* [Exercise inputs]:
^^^^
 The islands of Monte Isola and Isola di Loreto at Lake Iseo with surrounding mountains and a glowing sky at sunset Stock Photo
^^^^
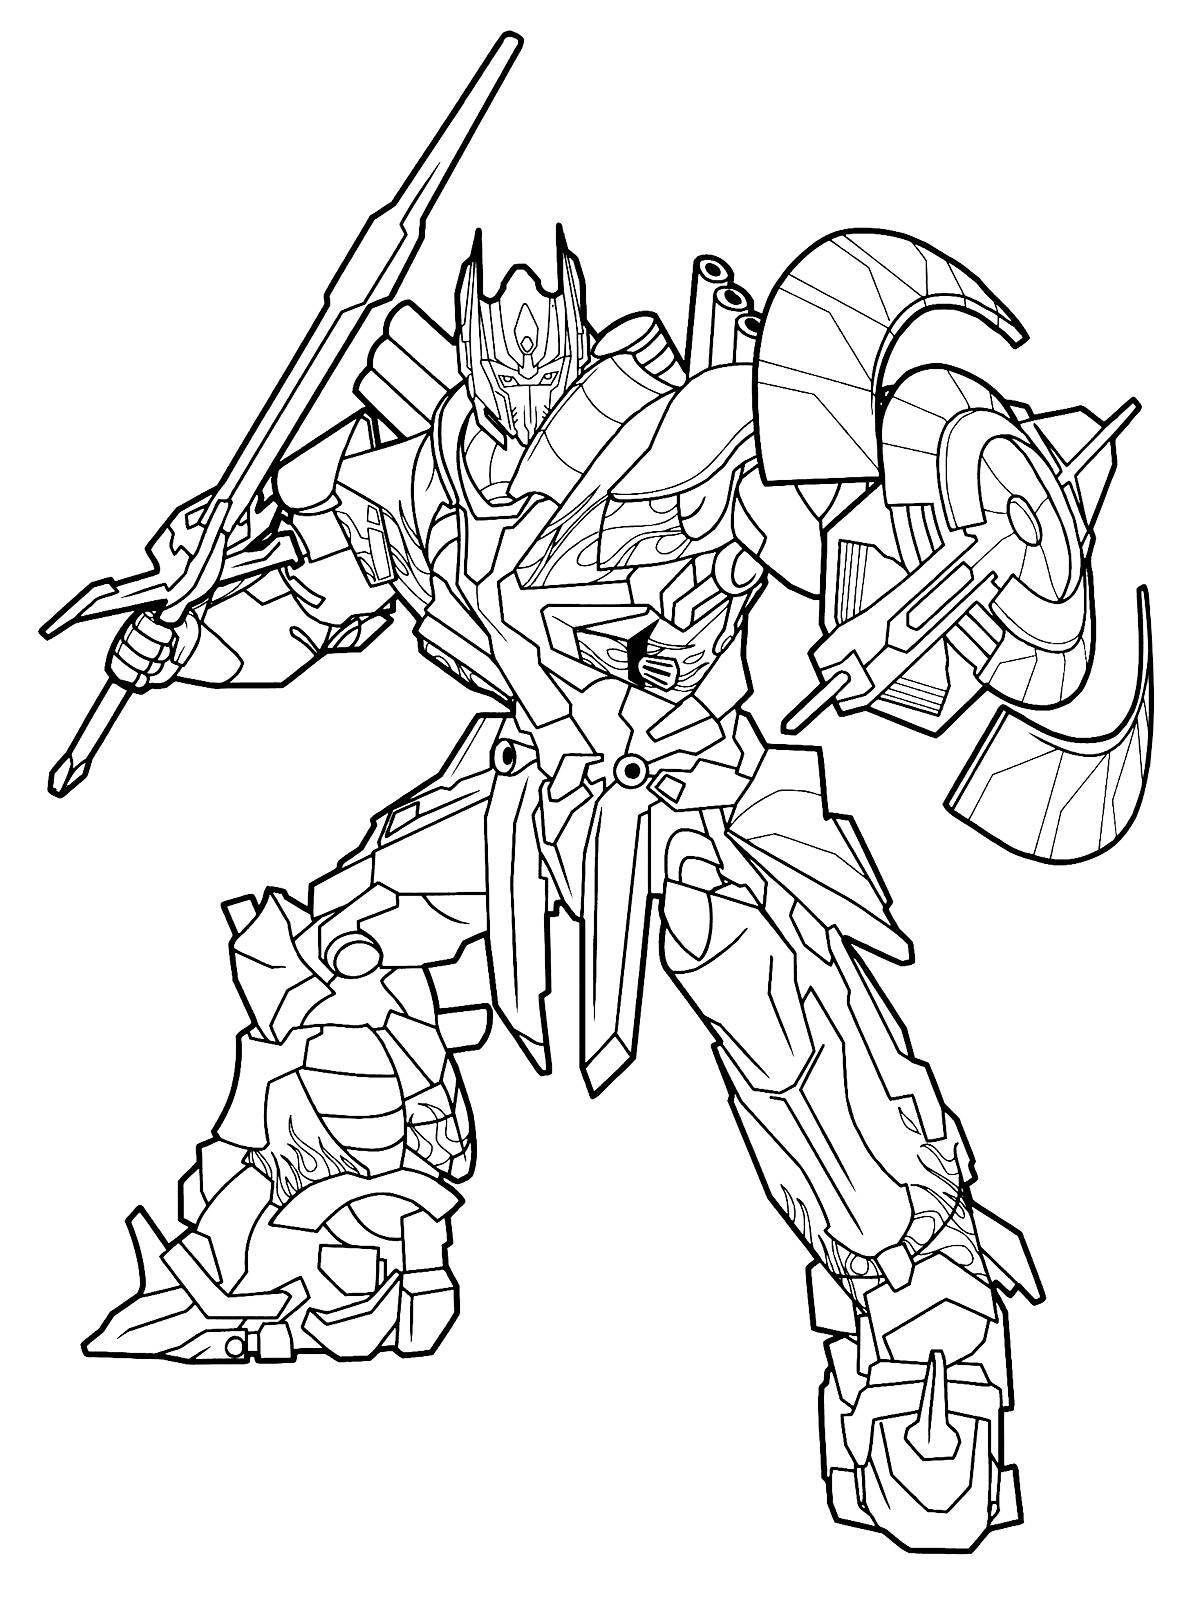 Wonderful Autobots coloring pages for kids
^^^^
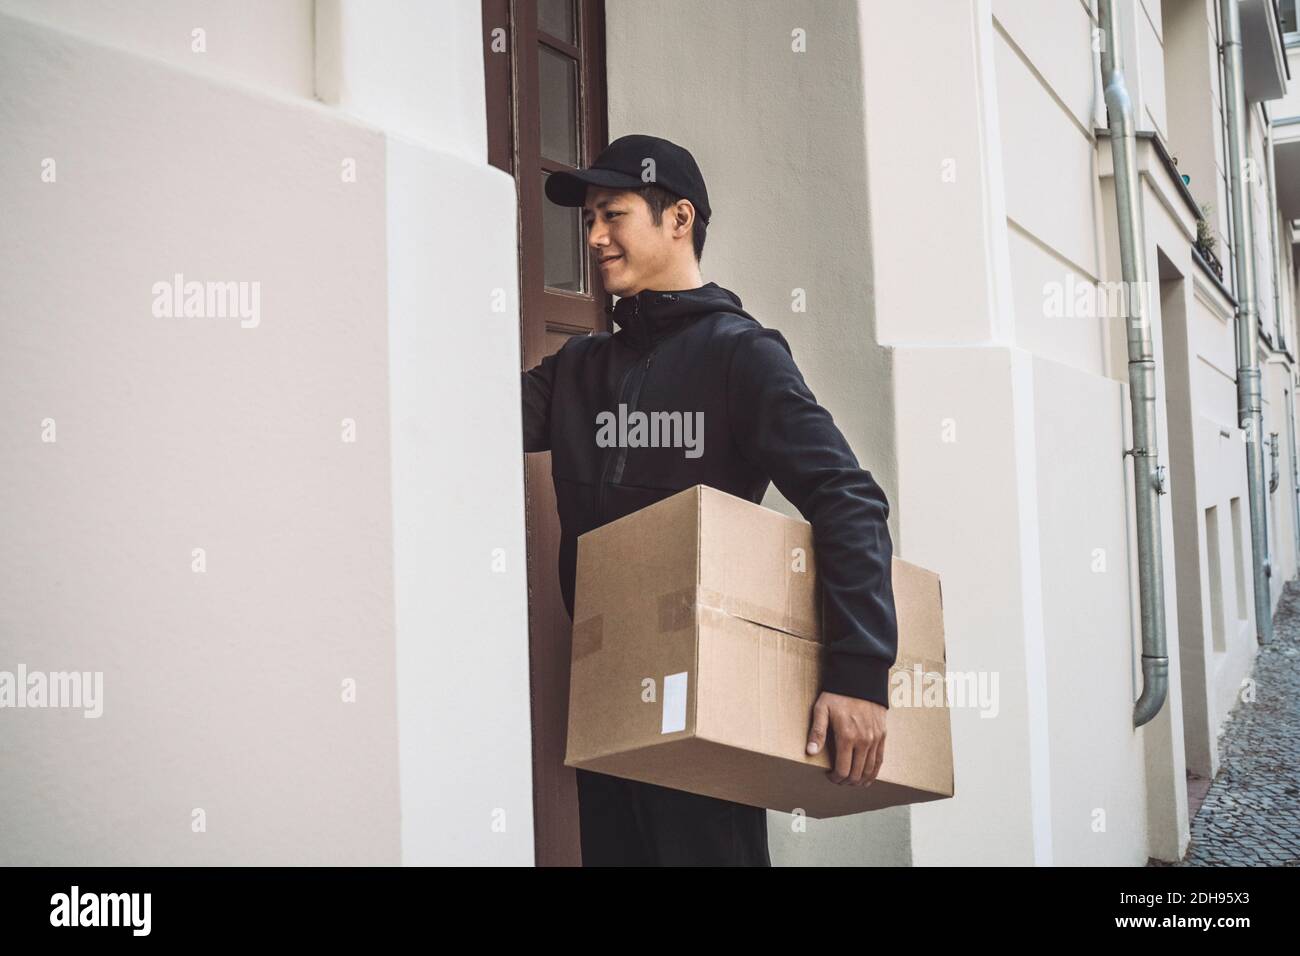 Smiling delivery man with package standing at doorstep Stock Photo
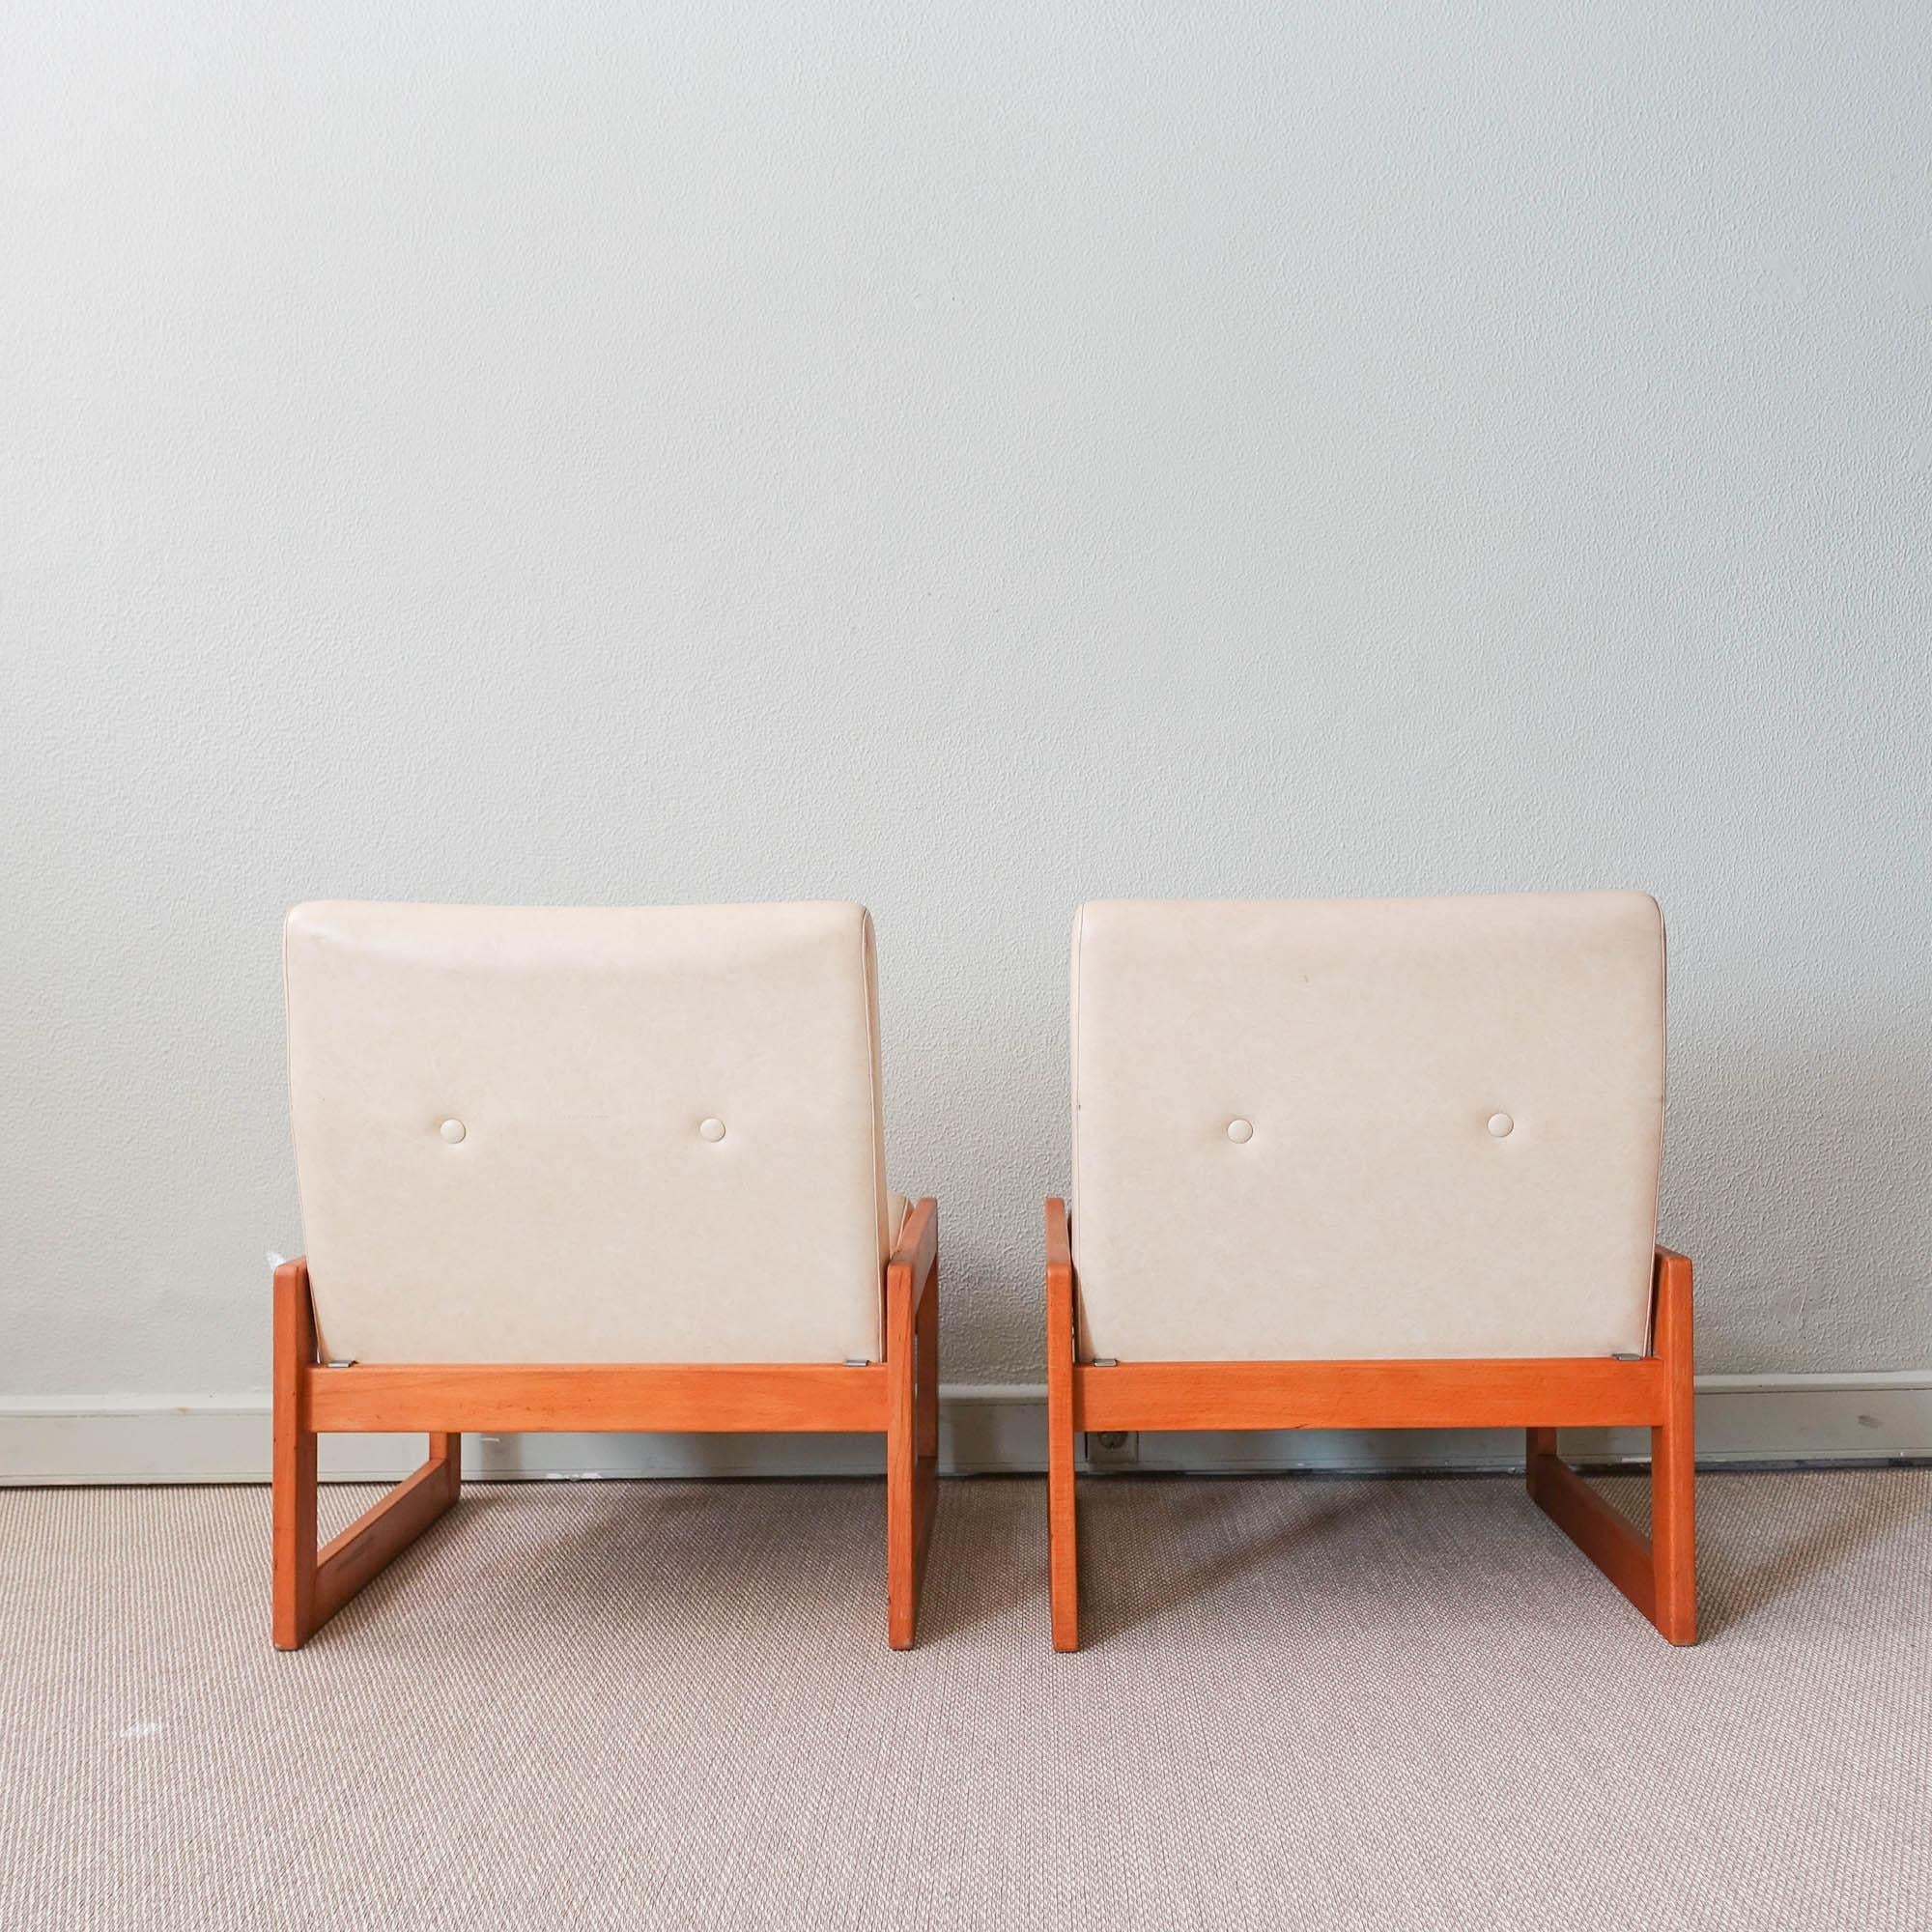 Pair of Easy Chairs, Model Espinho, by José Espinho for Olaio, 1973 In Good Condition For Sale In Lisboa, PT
^^^^
* [What to do]: Copy the lines above between the one holding "Smiling delivery man" and the one holding "Pair of Easy", inclusive. Drop the pictures.

* [Worked solution]:
 Smiling delivery man with package standing at doorstep Stock Photo
 Pair of Easy Chairs, Model Espinho, by José Espinho for Olaio, 1973 In Good Condition For Sale In Lisboa, PT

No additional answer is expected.